▶ About this exercise
Reproduce the whole listing below without its pictures, exactly as written.

▶ Given material

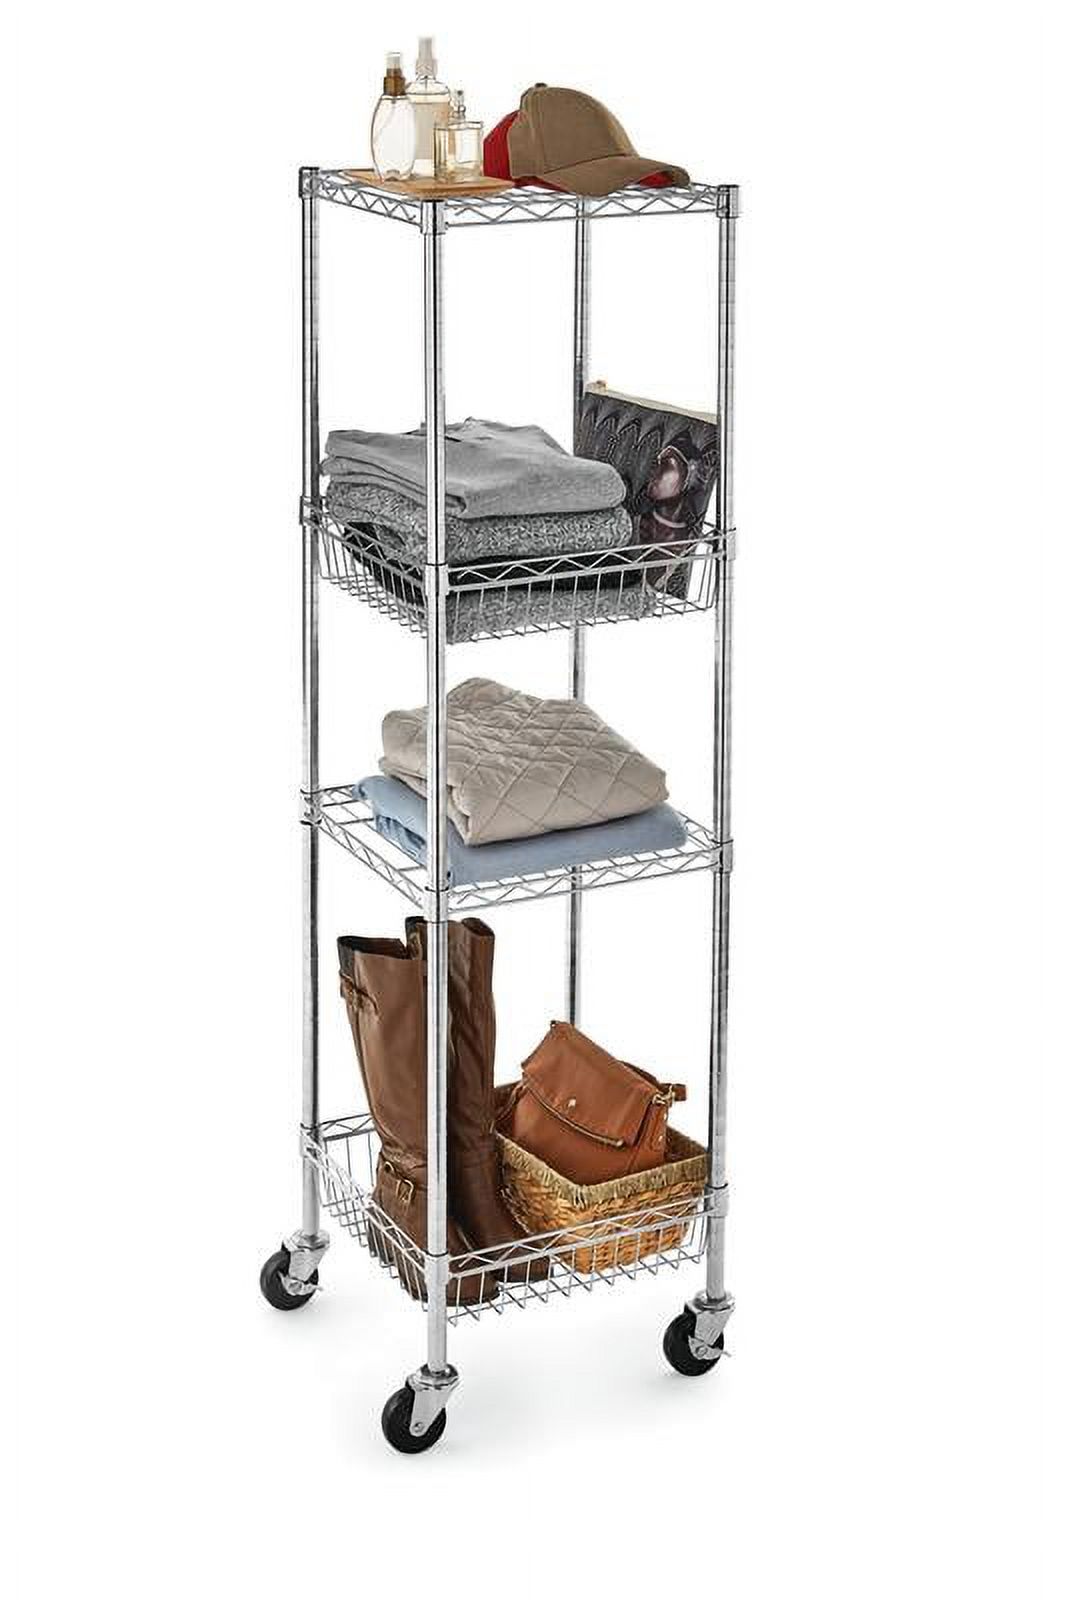 Hyper Tough 4 Shelf Steel Wire Shelving Tower with Caster 16"Dx16"Wx57.4"H, Chrome - image 1 of 6
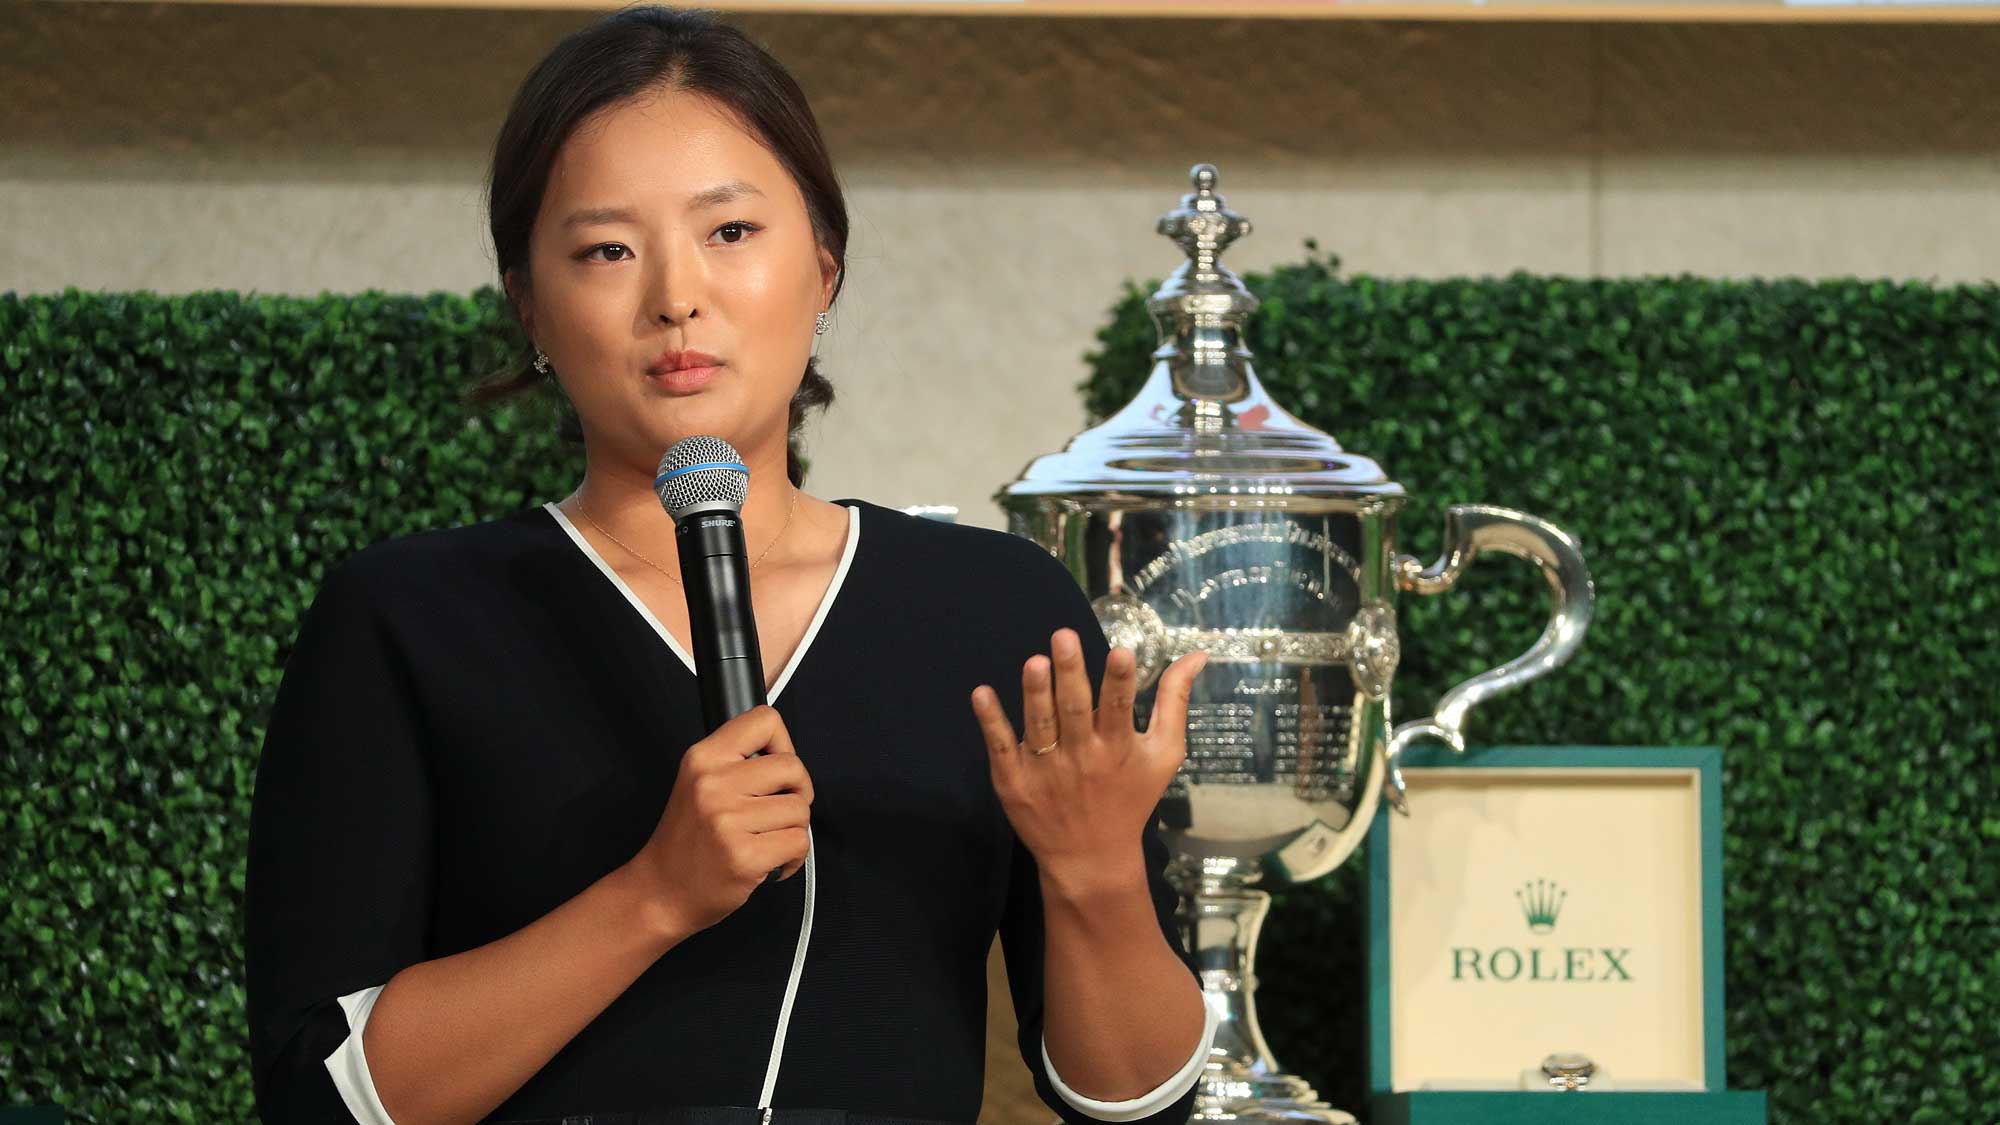 Jin Young Ko of South Korea is presented iwth the Louise Suggs Rolex Rookie of the Year award during the LPGA Rolex Players Awards at the Ritz-Carlton Golf Resort
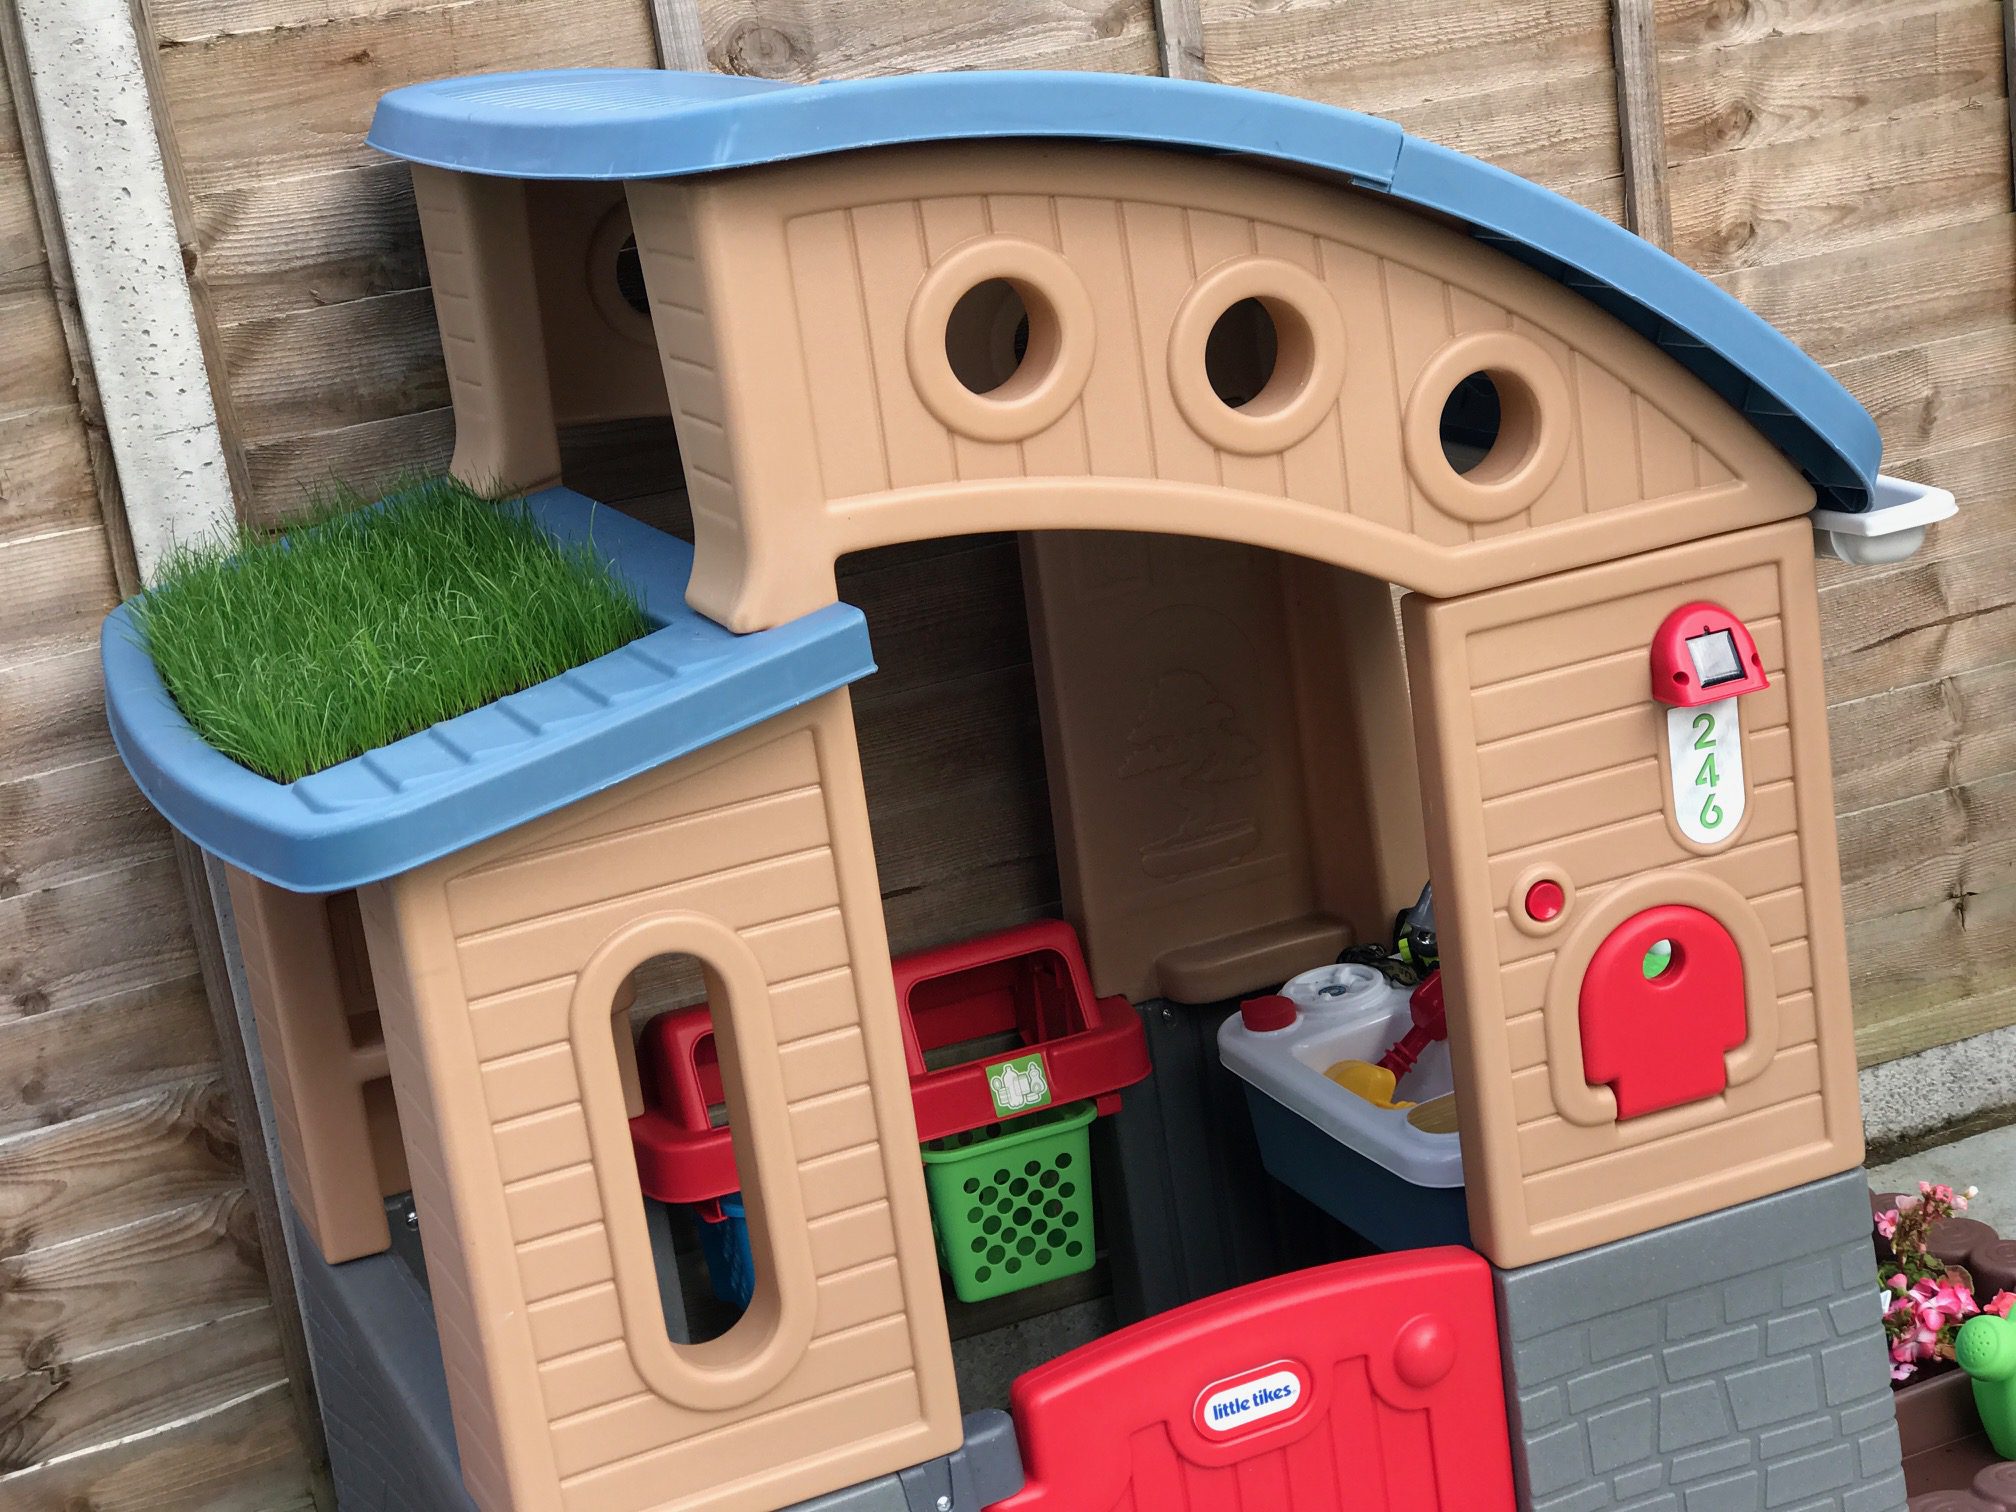 REVIEW – Little Tikes Go Green Playhouse

▶ Solution for this task
 Hyper Tough 4 Shelf Steel Wire Shelving Tower with Caster 16"Dx16"Wx57.4"H, Chrome - image 1 of 6
 Jin Young Ko of South Korea is presented iwth the Louise Suggs Rolex Rookie of the Year award during the LPGA Rolex Players Awards at the Ritz-Carlton Golf Resort
 REVIEW – Little Tikes Go Green Playhouse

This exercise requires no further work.